* How to complete this task: Any picture must be dropped, but each line of the data should be duplicated exactly.

* Supplied information:

# # # # #

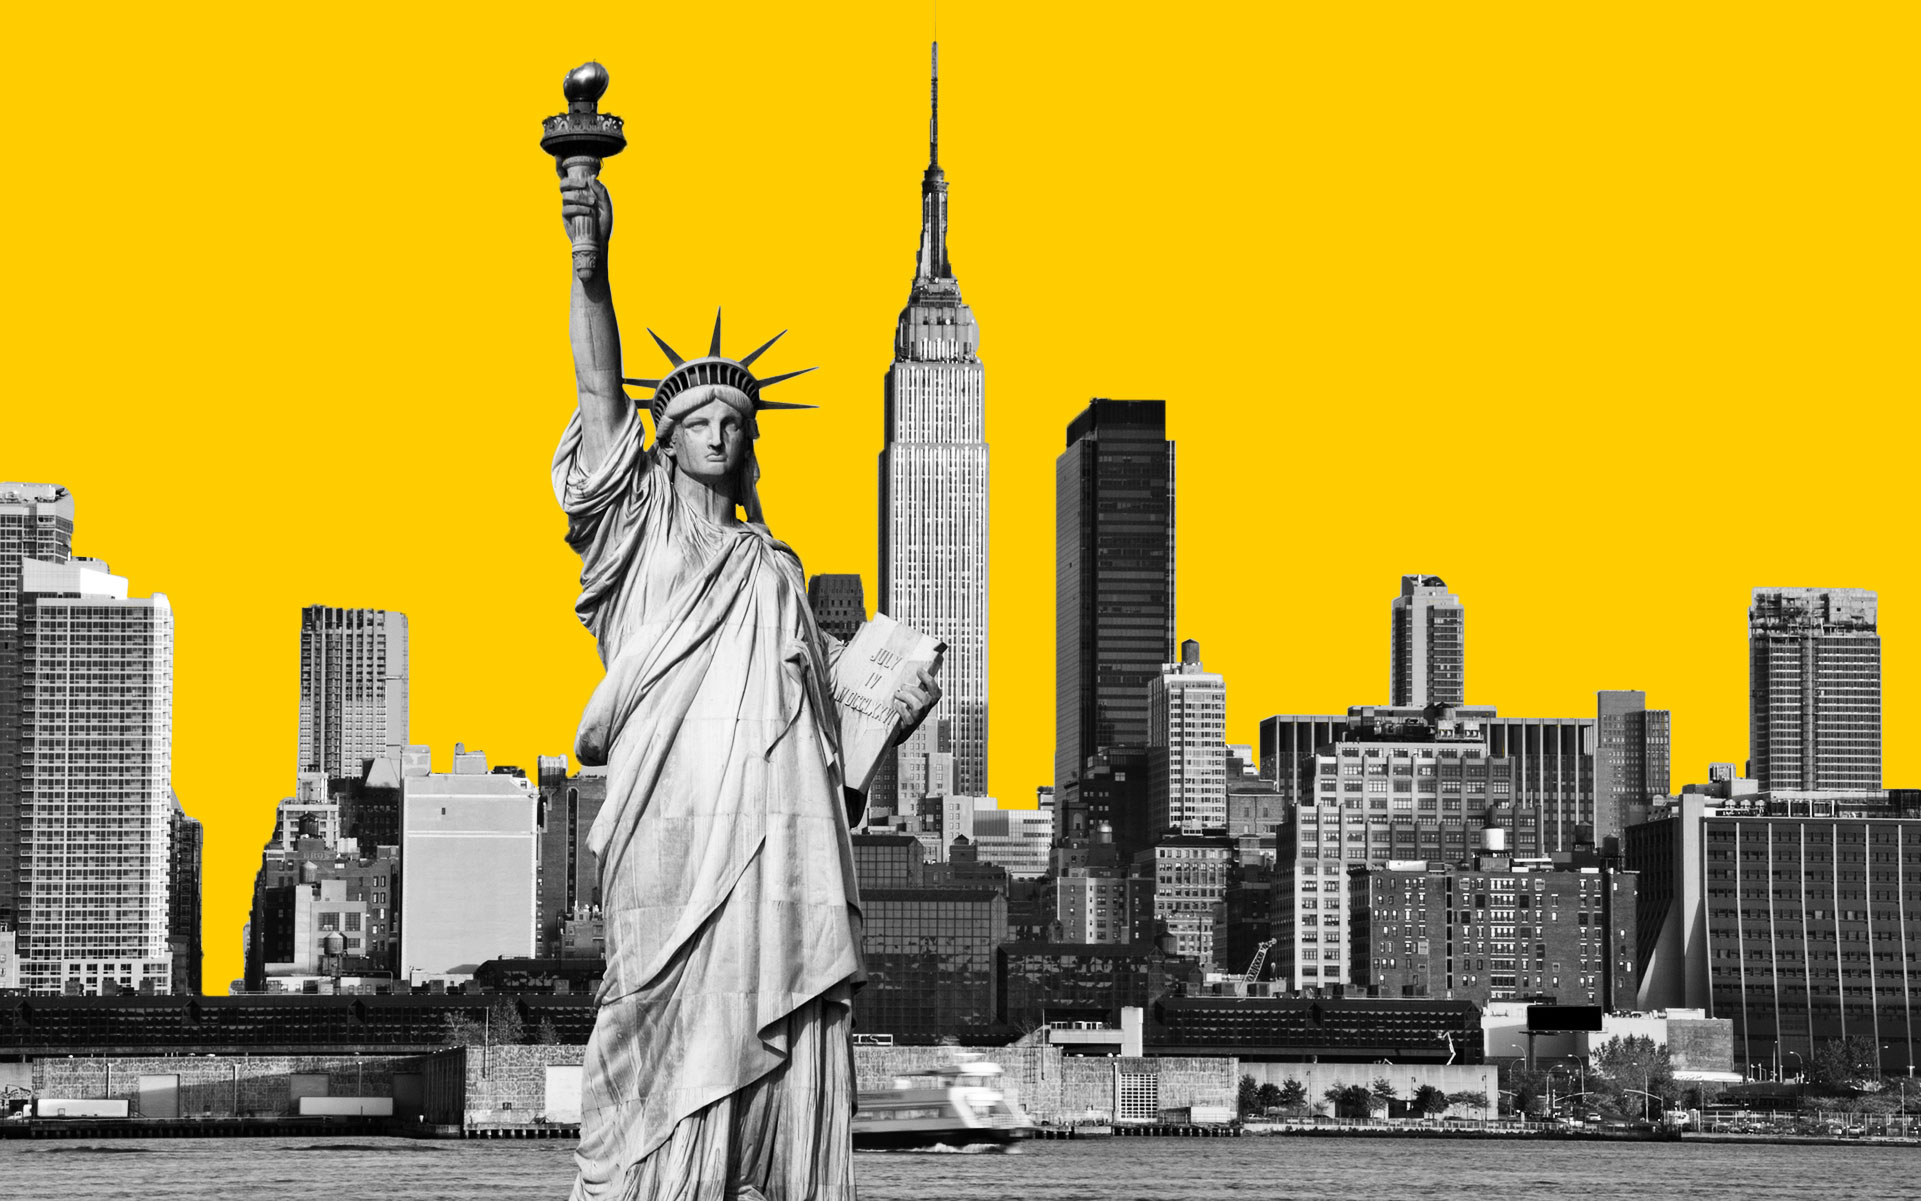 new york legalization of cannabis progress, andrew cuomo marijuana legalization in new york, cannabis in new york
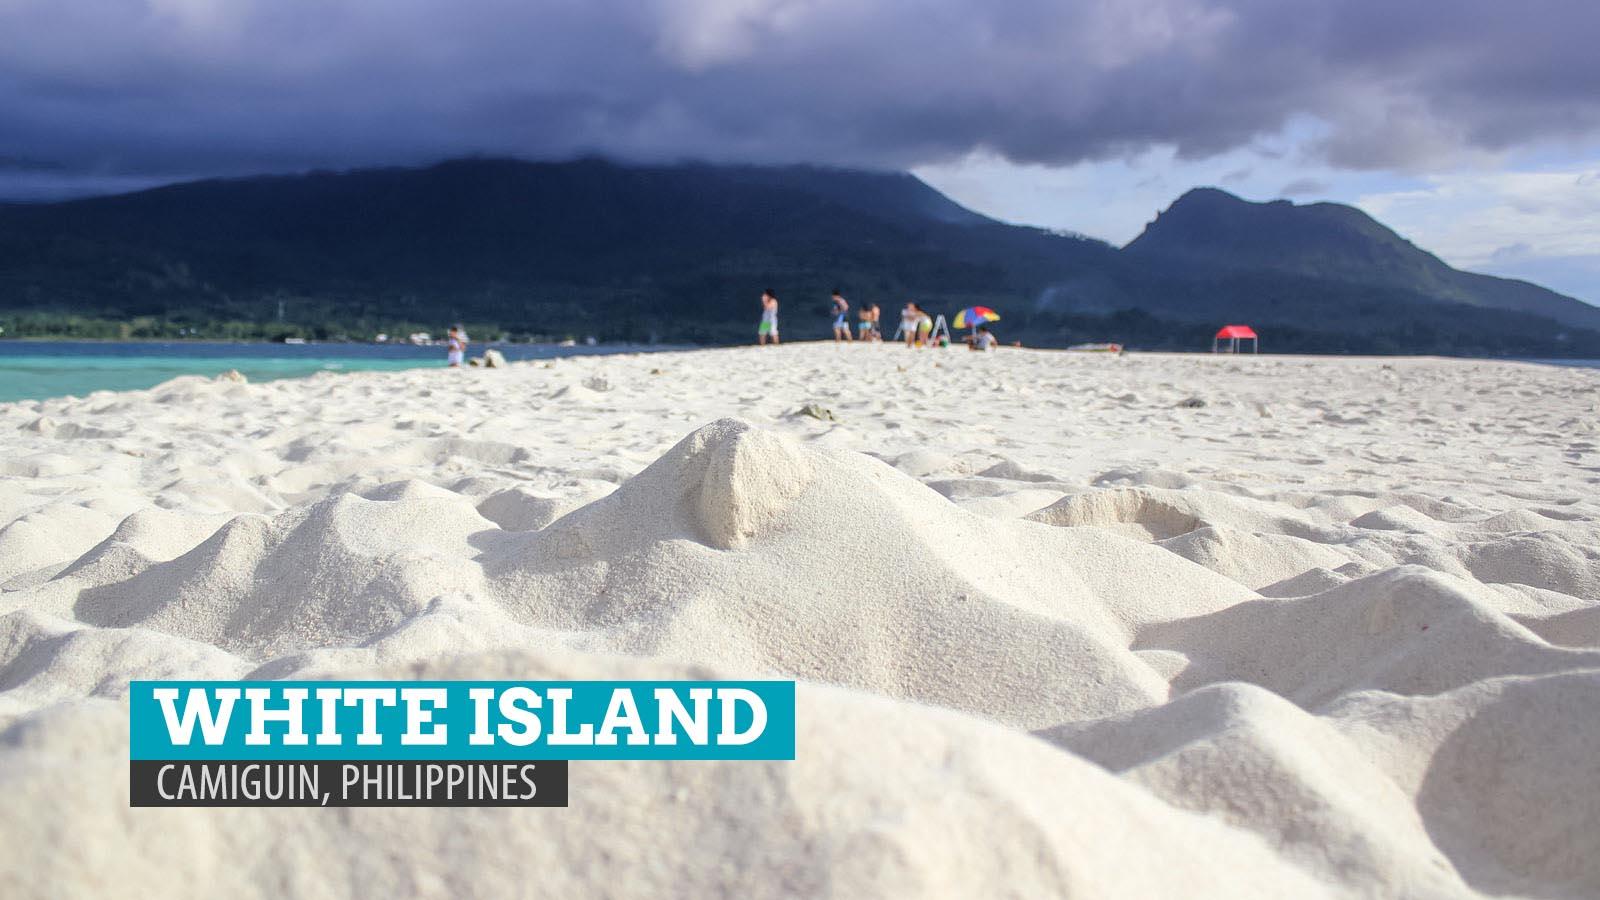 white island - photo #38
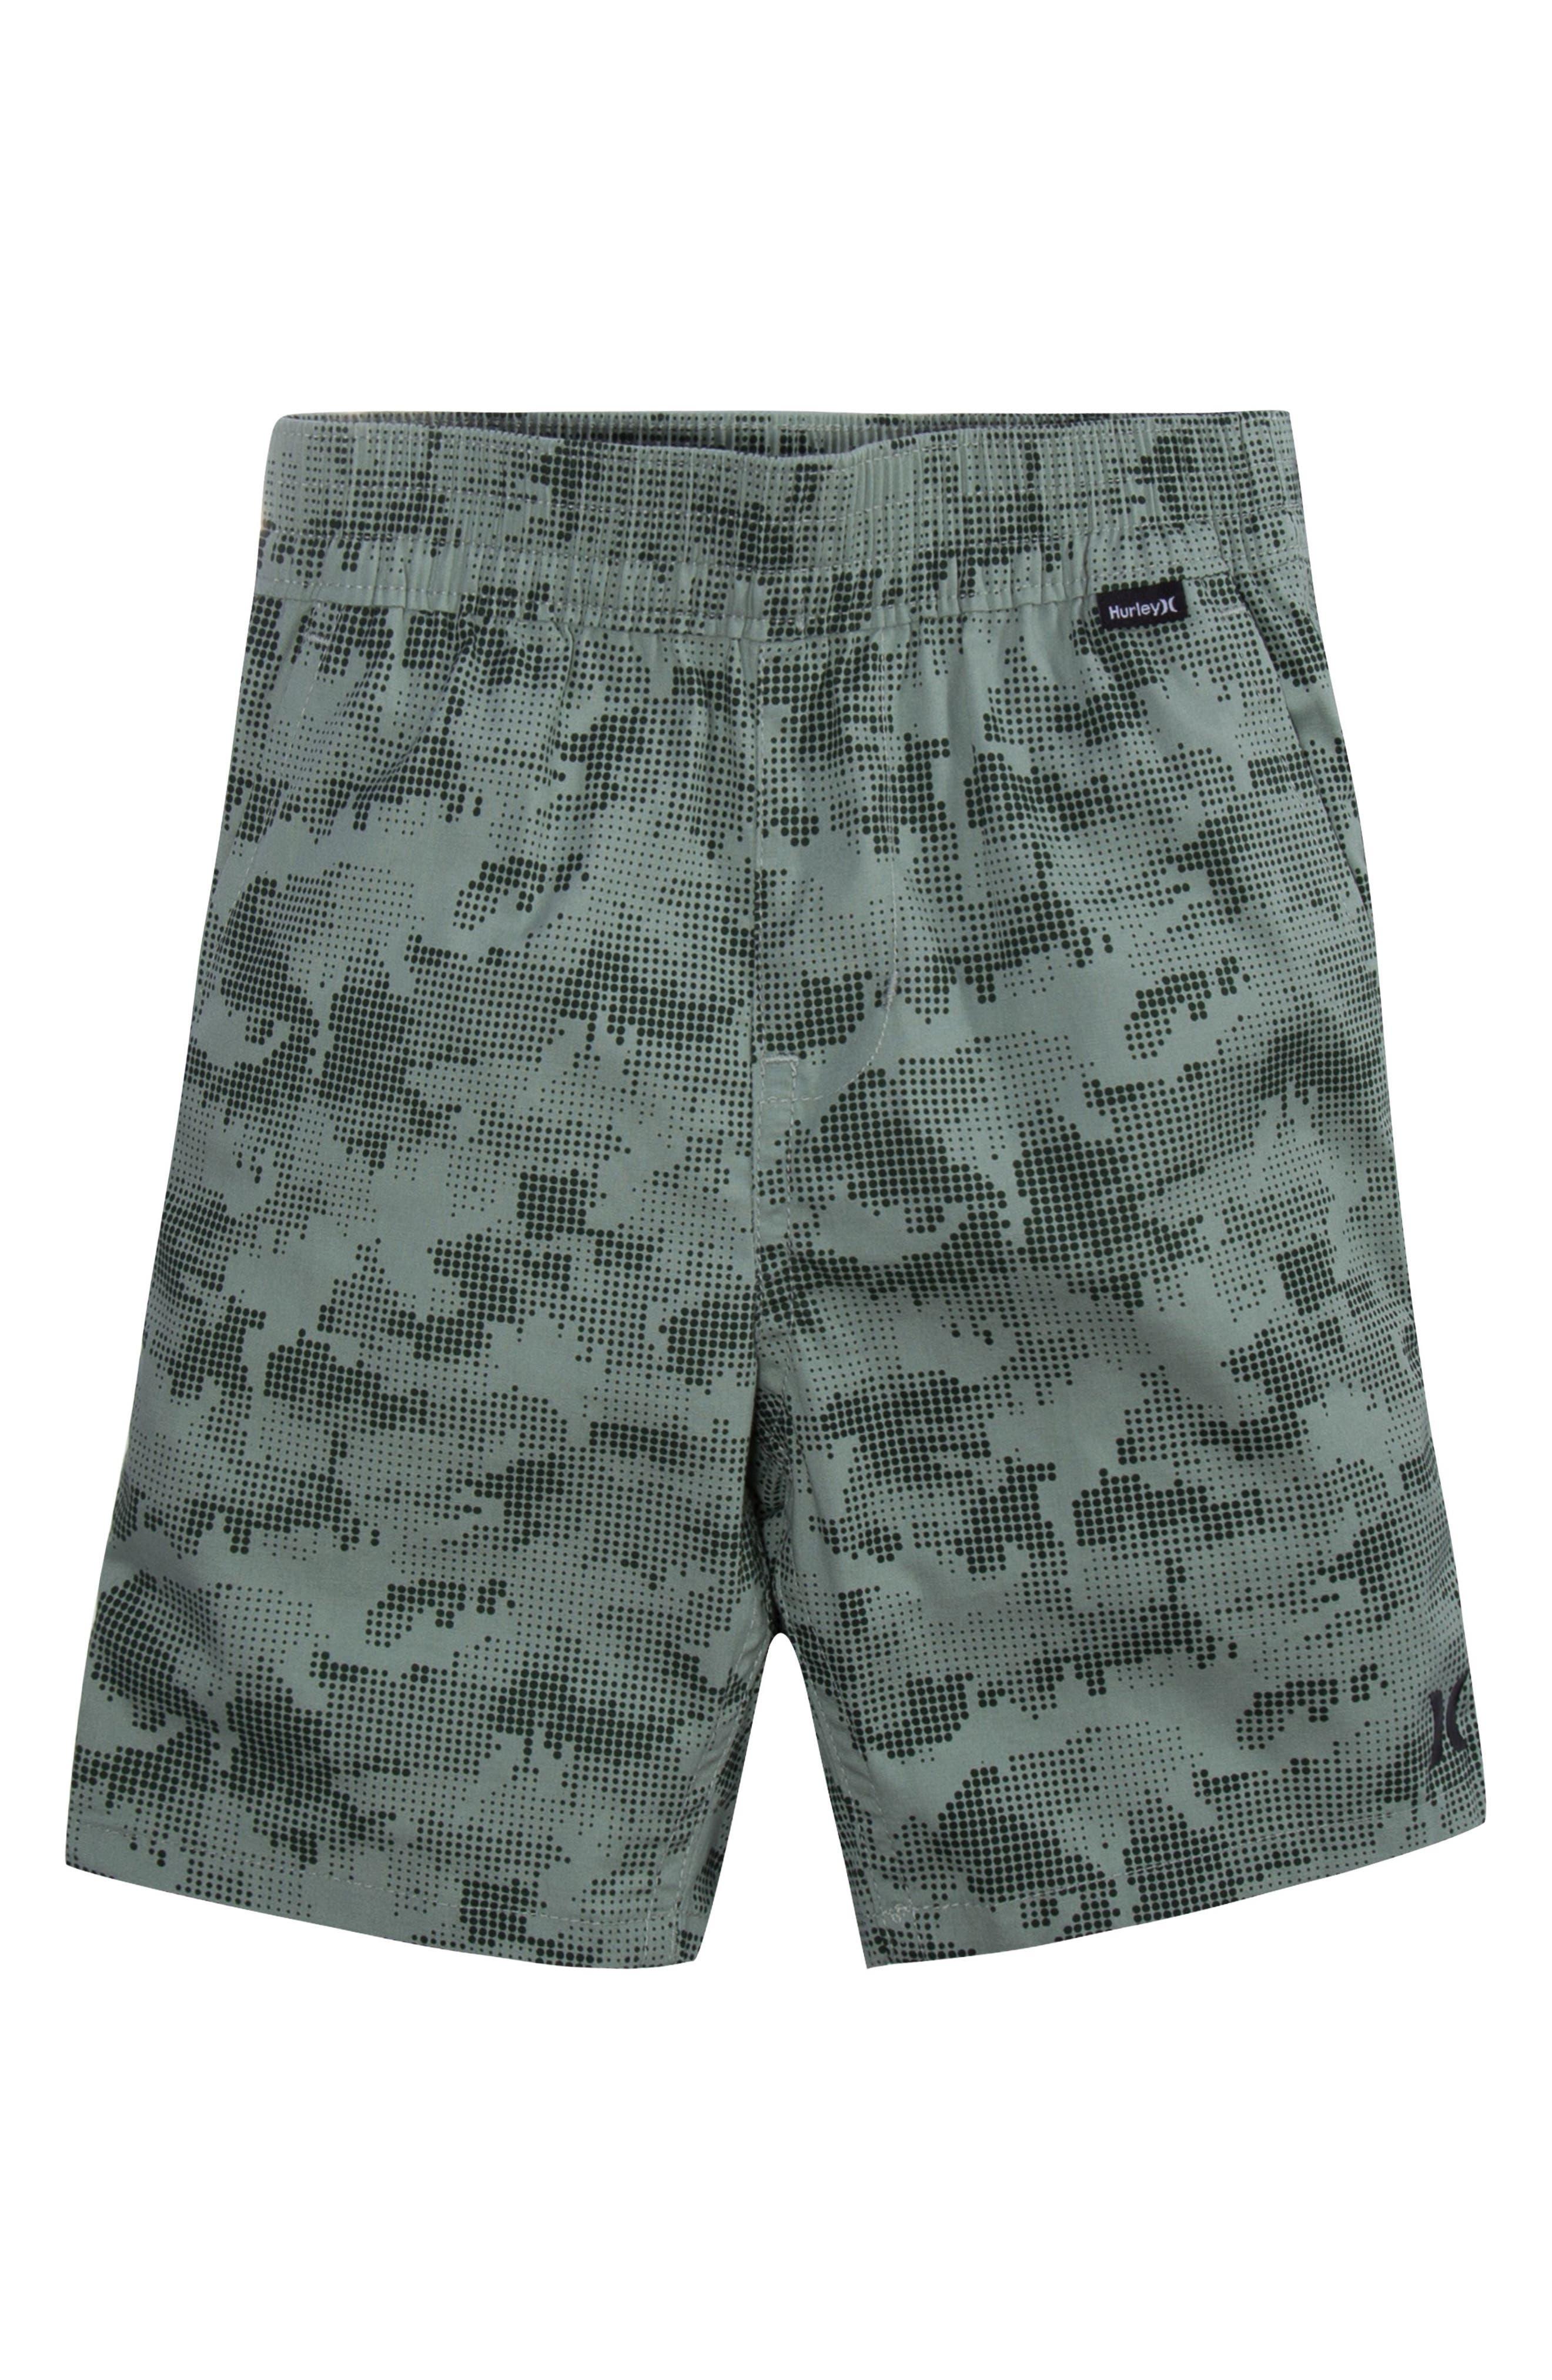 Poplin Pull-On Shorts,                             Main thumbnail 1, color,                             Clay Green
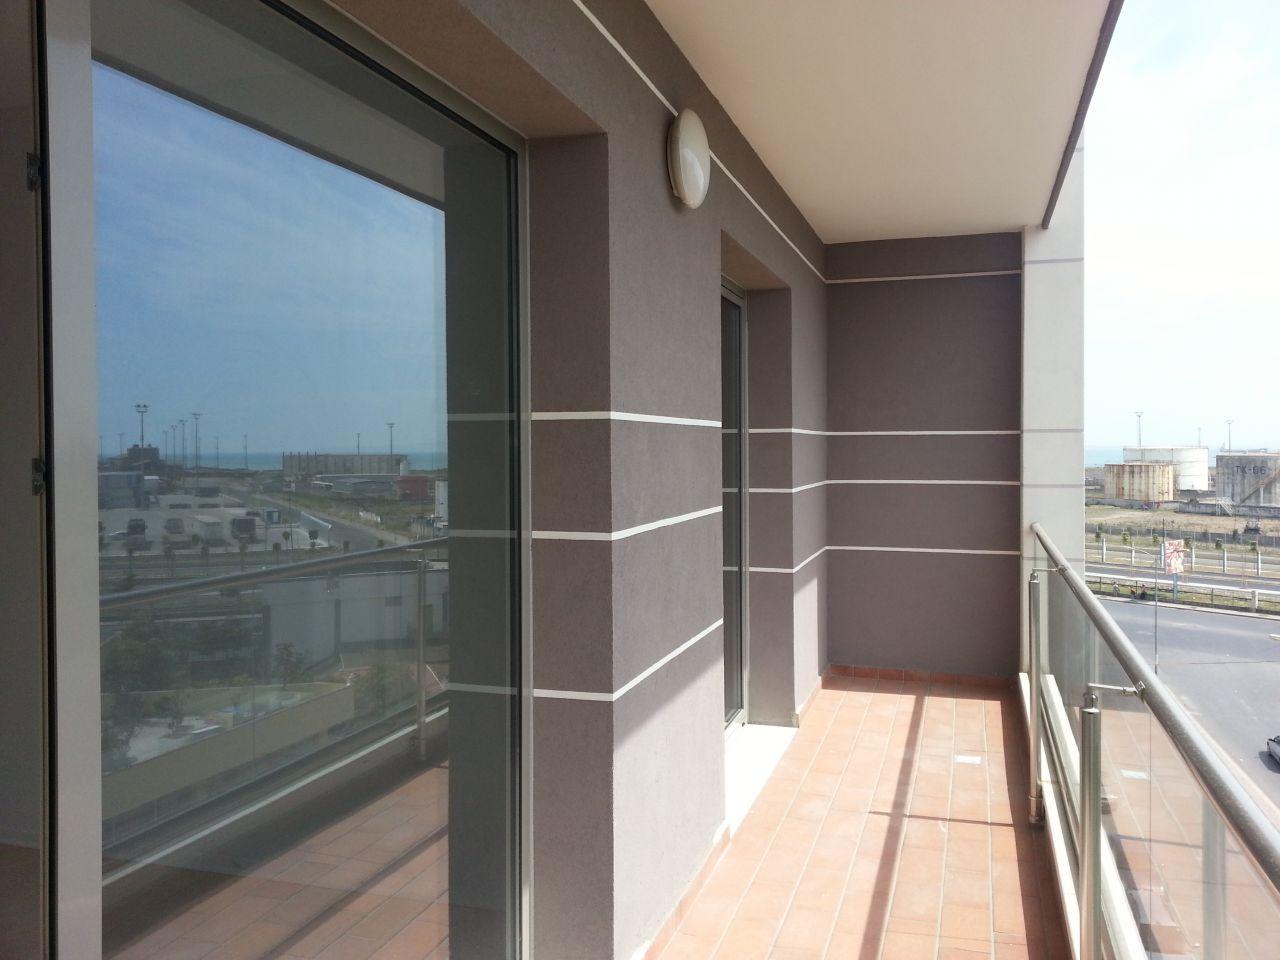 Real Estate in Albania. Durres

# # # # #

* Task response:
 new york legalization of cannabis progress, andrew cuomo marijuana legalization in new york, cannabis in new york
 white island - photo #38
 Poplin Pull-On Shorts,                             Main thumbnail 1, color,                             Clay Green
 Real Estate in Albania. Durres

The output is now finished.